As the headlines that followed his recent knighthood showed, Geoffrey Boycott remains one of the most controversial as well as one of the most recognisable figures in the game. This superb portrait followed his retirement and appeared in the 1988 Wisden.

Geoffrey Boycott, an egocentric right-handed batsman of great defensive skills and an occasional in-swing bowler, will be remembered as much for his prodigious scoring record as for his impact, over 25 years, perhaps more, on the history of the Yorkshire county club. He has a facility for making enemies much faster than he made his runs, admits to very few friends, yet inspires a loyalty among his admirers that all politicians must envy.

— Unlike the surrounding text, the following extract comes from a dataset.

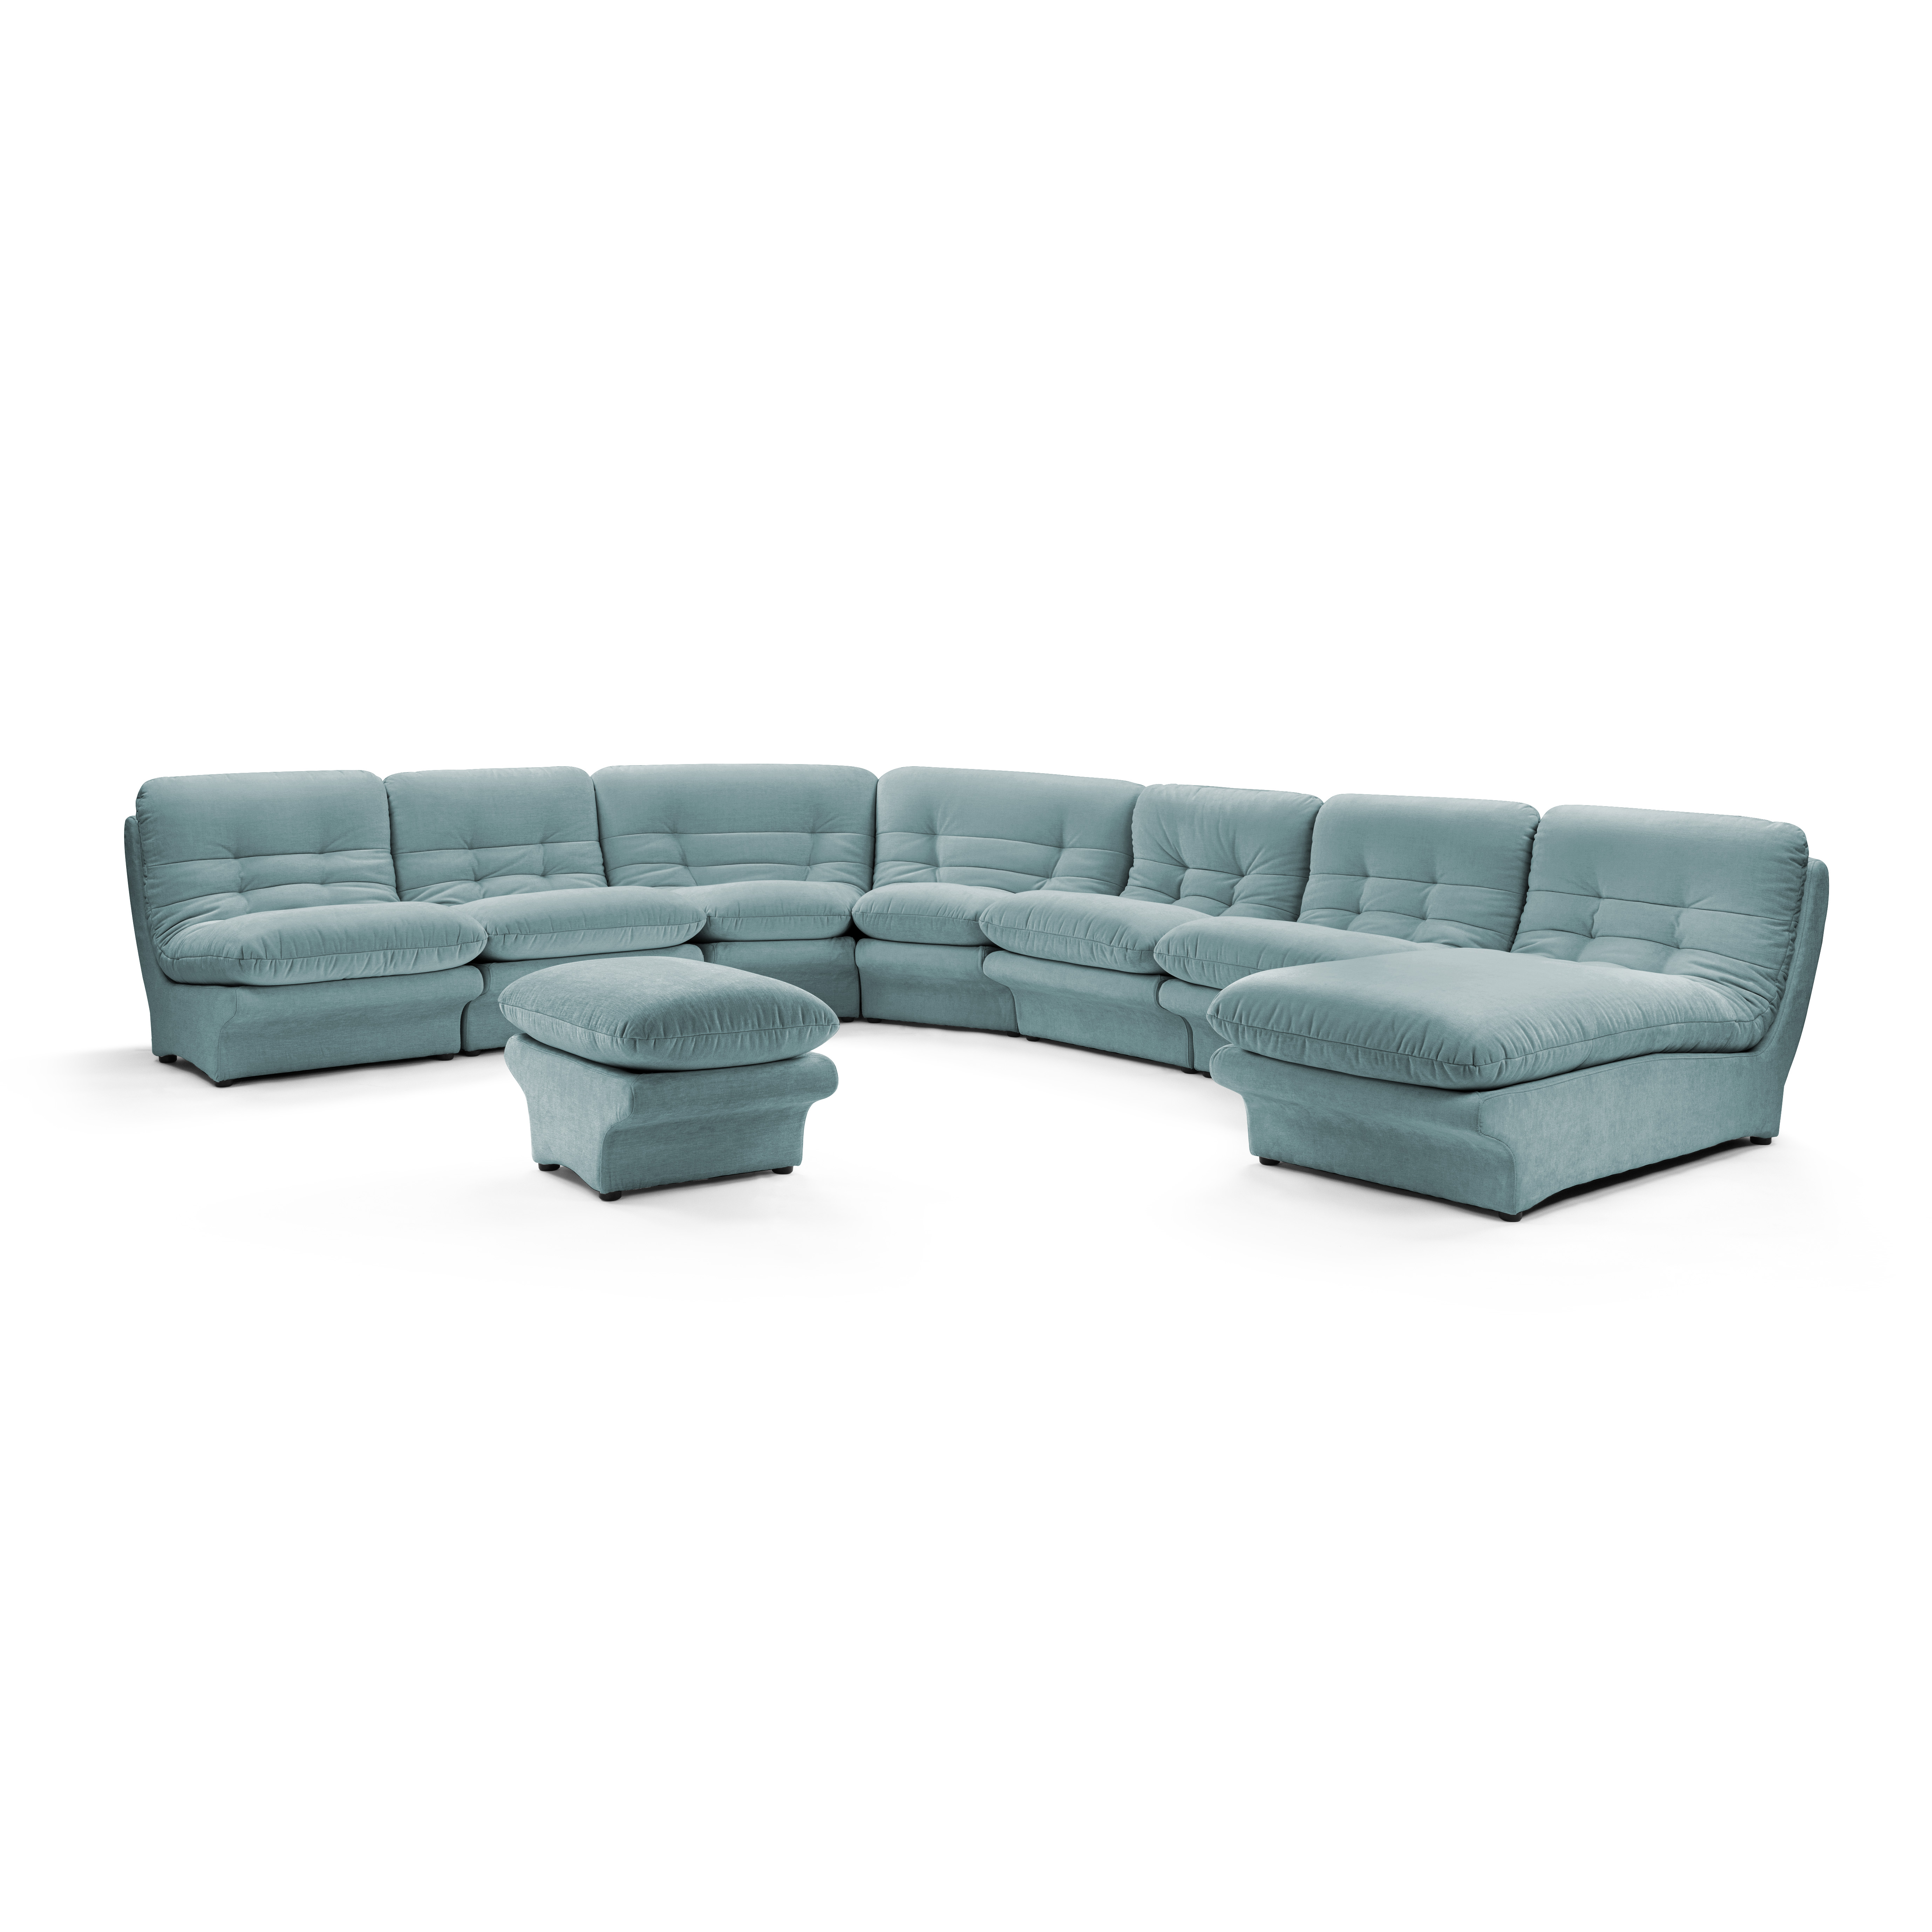 Carsons Mid Century Curved Modular Sectional Sofa / Combination 001-Chenille Helios-Cerulean Blue
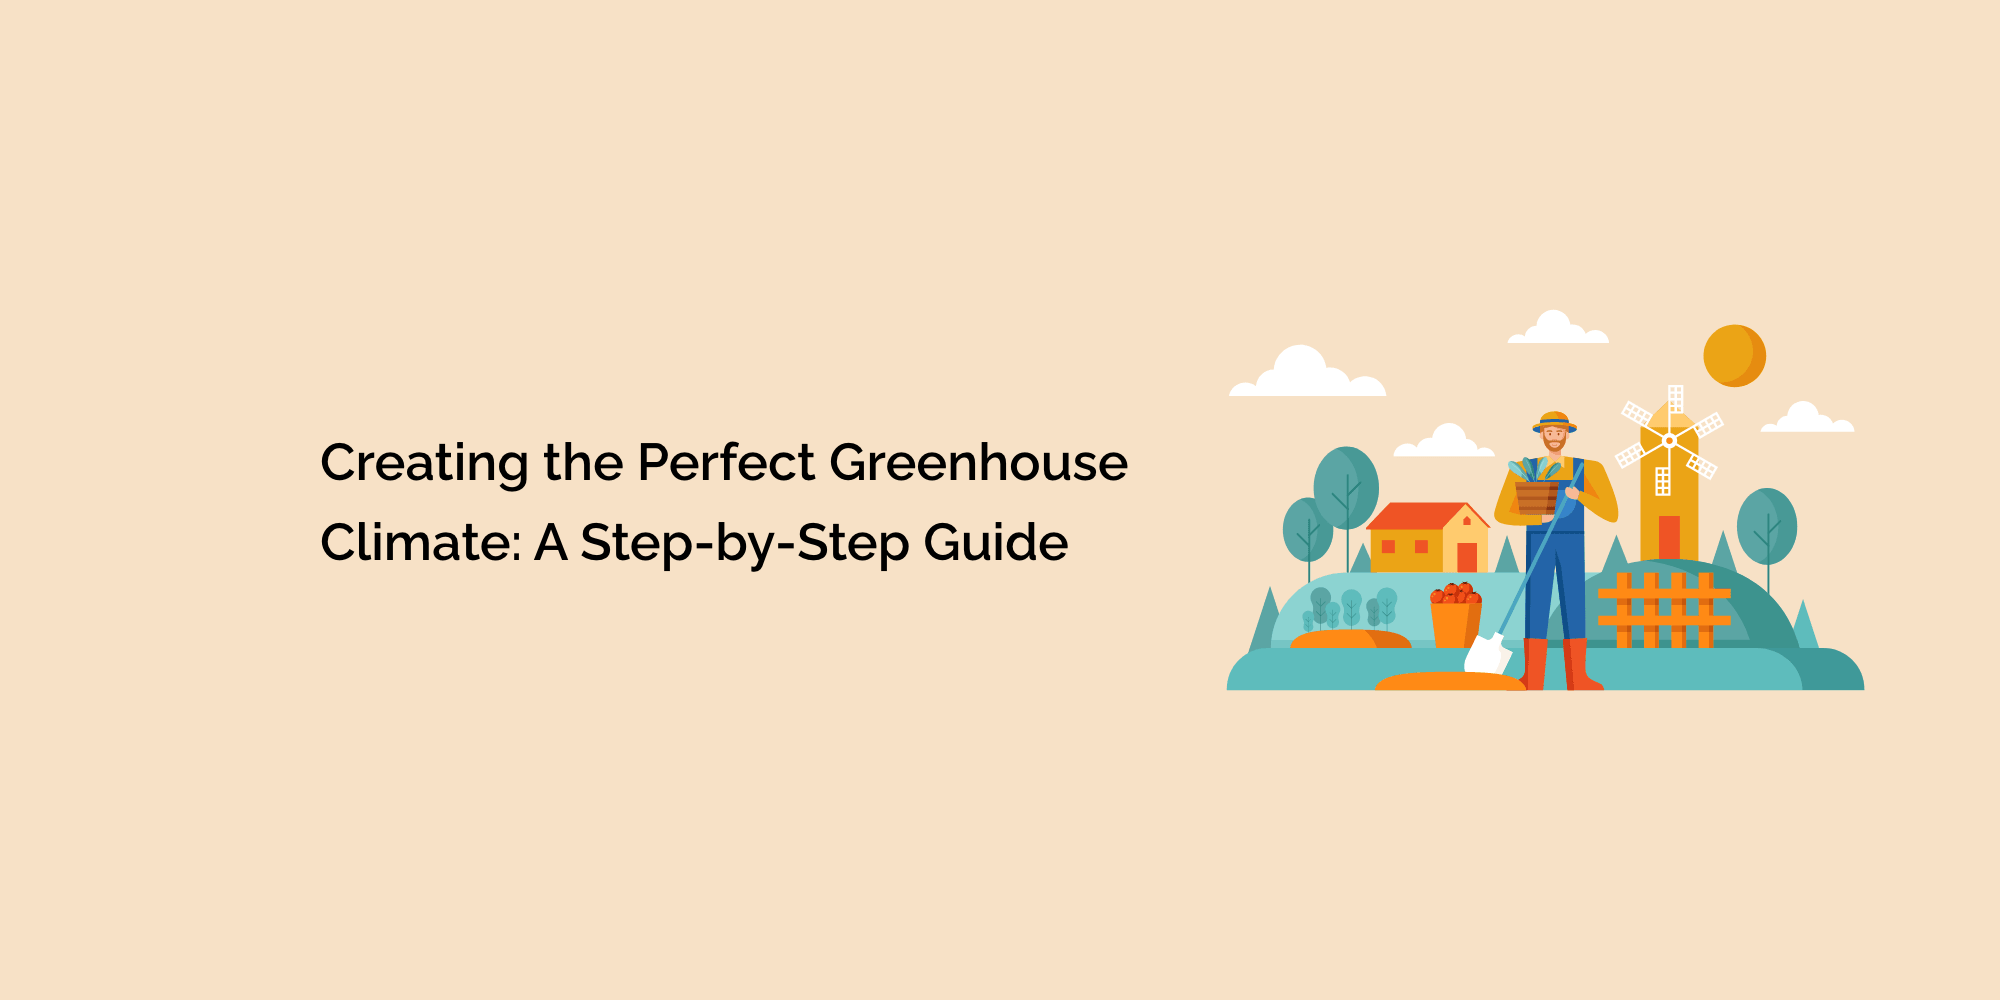 Creating the Perfect Greenhouse Climate: A Step-by-Step Guide

As a cricketer, a batsman converted to opening in his early days with Yorkshire, he had no peers in England during his career. Abroad, only Sunil Gavaskar, the man who overtook Boycott’s aggregate of Test-match runs, could be compared in application, dedication, attention to detail, tactical acumen, patience and endurance. Even Boycott’s critics would agree, too, that his runs were made often in far more difficult circumstances, in English conditions and on English pitches, than Gavaskar’s. In batting on seaming or turning pitches, or when the ball cut or swung, Boycott for more than twenty years reigned supreme in the world.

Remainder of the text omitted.